-------- Given information
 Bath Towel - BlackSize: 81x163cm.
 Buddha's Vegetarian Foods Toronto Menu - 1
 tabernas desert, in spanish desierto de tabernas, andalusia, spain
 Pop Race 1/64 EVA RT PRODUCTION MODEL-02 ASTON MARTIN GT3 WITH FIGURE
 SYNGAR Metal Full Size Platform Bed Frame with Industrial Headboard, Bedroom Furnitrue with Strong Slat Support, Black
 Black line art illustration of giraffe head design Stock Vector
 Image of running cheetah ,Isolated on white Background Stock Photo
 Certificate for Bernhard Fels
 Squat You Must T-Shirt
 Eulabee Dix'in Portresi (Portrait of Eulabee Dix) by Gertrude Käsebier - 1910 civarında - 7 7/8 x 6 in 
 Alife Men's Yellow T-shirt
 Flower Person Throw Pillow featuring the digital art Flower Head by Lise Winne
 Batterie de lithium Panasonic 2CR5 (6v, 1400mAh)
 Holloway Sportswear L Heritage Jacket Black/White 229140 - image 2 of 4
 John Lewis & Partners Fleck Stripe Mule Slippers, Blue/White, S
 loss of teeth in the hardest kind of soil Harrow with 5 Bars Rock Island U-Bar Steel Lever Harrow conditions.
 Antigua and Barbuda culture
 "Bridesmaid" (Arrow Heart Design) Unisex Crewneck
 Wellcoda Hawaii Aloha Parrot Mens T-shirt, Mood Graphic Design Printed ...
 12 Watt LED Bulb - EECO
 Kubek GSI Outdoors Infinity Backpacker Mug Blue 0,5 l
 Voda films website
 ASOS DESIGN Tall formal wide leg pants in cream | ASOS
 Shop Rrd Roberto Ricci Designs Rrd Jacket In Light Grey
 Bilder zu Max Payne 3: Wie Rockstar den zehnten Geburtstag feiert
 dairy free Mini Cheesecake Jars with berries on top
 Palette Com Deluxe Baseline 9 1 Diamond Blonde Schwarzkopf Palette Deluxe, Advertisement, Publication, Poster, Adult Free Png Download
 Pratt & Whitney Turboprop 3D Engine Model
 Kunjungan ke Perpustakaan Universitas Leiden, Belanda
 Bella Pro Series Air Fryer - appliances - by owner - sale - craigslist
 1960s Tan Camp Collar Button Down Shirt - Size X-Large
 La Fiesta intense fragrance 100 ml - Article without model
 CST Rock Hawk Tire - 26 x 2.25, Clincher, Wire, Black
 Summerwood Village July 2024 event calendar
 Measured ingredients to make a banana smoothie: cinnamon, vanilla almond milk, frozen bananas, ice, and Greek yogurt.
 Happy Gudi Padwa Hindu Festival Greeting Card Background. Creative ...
----------------
**Your instructions**
Take the line holding "1960s Tan Camp" and the lines after it through the end of the entries. Retype them exactly and add nothing.

**Answer to this problem**
 1960s Tan Camp Collar Button Down Shirt - Size X-Large
 La Fiesta intense fragrance 100 ml - Article without model
 CST Rock Hawk Tire - 26 x 2.25, Clincher, Wire, Black
 Summerwood Village July 2024 event calendar
 Measured ingredients to make a banana smoothie: cinnamon, vanilla almond milk, frozen bananas, ice, and Greek yogurt.
 Happy Gudi Padwa Hindu Festival Greeting Card Background. Creative ...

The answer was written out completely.